Были воспоминания и о Радциге, а как же. В.И., как и все, кто знал С.И. Радцига, соглашалась, что в его лекциях по литературе и древностям было много рассказа и пересказа (то есть мало обобщений и анализа). Даже посмеялась над тем, как он экзаменовал ее по греческой литературе. Нужно было подробно пересказать содержание трагедии, и В.И. для скорости сократила пересказ реплик Кассандры, чтобы перейти к дальнейшему действию, но С.И. несколько раз останавливал ее: «Нет, а что же сказала в ответ Кассандра?» И не унялся до тех пор, пока В.И. не ответила: «А Кассадра сказала: Увы мне, увы!».

Но в этом отношении к «старикам» не было резкости, и в «пересказывательной» манере В.И. видела даже положительные стороны. Говорила: вот готовитесь сдавать античную литературу; все равно ведь не успеете прочесть все к экзамену – так полистайте учебник Радцига, будете хоть знать о чем в какой трагедии говорится. (По моим последующим наблюдениям, впрочем, с трагедиями дело обстоит вполне сносно: их часто и прочитывать успевают, даже с интересом. Хуже всего с прозой – исторической и философской.)
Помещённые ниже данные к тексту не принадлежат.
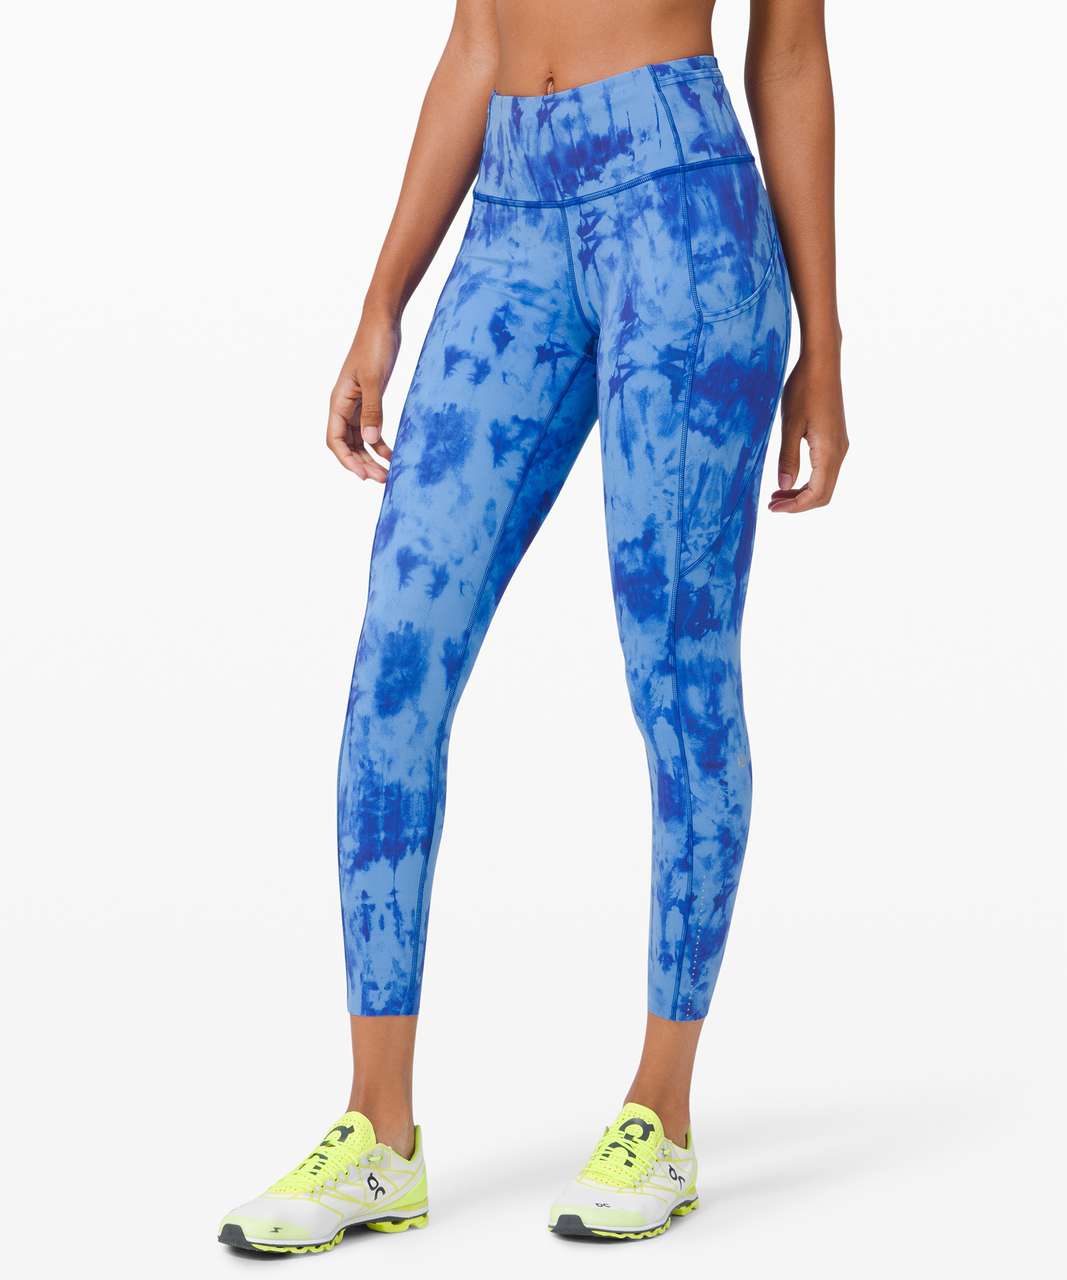 Lululemon Fast And Free 25” Legging Blue Size 2 - $75 (41% Off Retail) -  From Emily
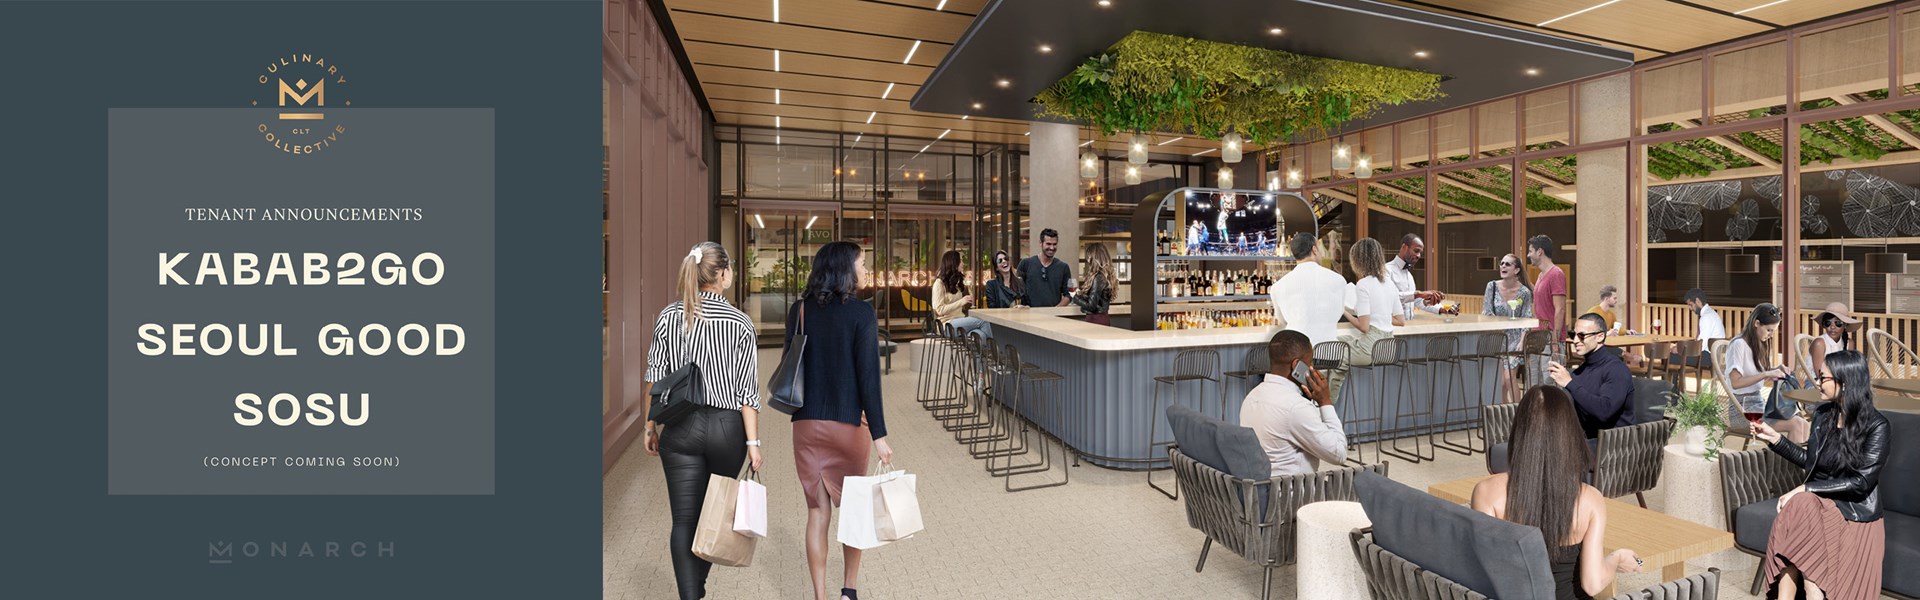 Monarch Market Announces Cocktail Bars and Additional Food Stall Vendors

Словом, хотя В.И. и понимала все несовершенства прежних методов, она ценила – не преувеличивая – то хорошее, что было раньше. Это можно было бы продемонстрировать и ее отношением к курсу мифологии, и тем, что она говорила о принципах построения своего с Николаем Алексеевичем учебника. Для будущего же развития возлагала надежды, с одной стороны, на более раннюю и более глубокую специализацию студентов, а с другой стороны, на более активное усвоение достижений западной филологии. Второе мало-помалу происходит, про первое – трудно сказать. Из «молодых» она считала самым замечательным и много для кафедры обещающим А.А. Россиуса.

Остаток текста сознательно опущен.